_MATERIAL TO PROCESS_:
....
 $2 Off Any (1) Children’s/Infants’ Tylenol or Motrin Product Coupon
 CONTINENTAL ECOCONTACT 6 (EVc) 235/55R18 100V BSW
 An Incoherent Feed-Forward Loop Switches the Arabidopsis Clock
....
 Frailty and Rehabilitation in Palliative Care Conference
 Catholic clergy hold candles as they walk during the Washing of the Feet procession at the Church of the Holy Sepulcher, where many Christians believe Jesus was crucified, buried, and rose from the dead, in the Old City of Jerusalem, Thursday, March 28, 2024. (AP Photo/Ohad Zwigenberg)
....
_WORK REQUEST_: Of the entries above, transcribe exactly those lines that fall between the line containing "Motrin Product Coupon" and the line containing "An Incoherent Feed-Forward", together with those two lines.

_YOUR RESPONSE_:
 $2 Off Any (1) Children’s/Infants’ Tylenol or Motrin Product Coupon
 CONTINENTAL ECOCONTACT 6 (EVc) 235/55R18 100V BSW
 An Incoherent Feed-Forward Loop Switches the Arabidopsis Clock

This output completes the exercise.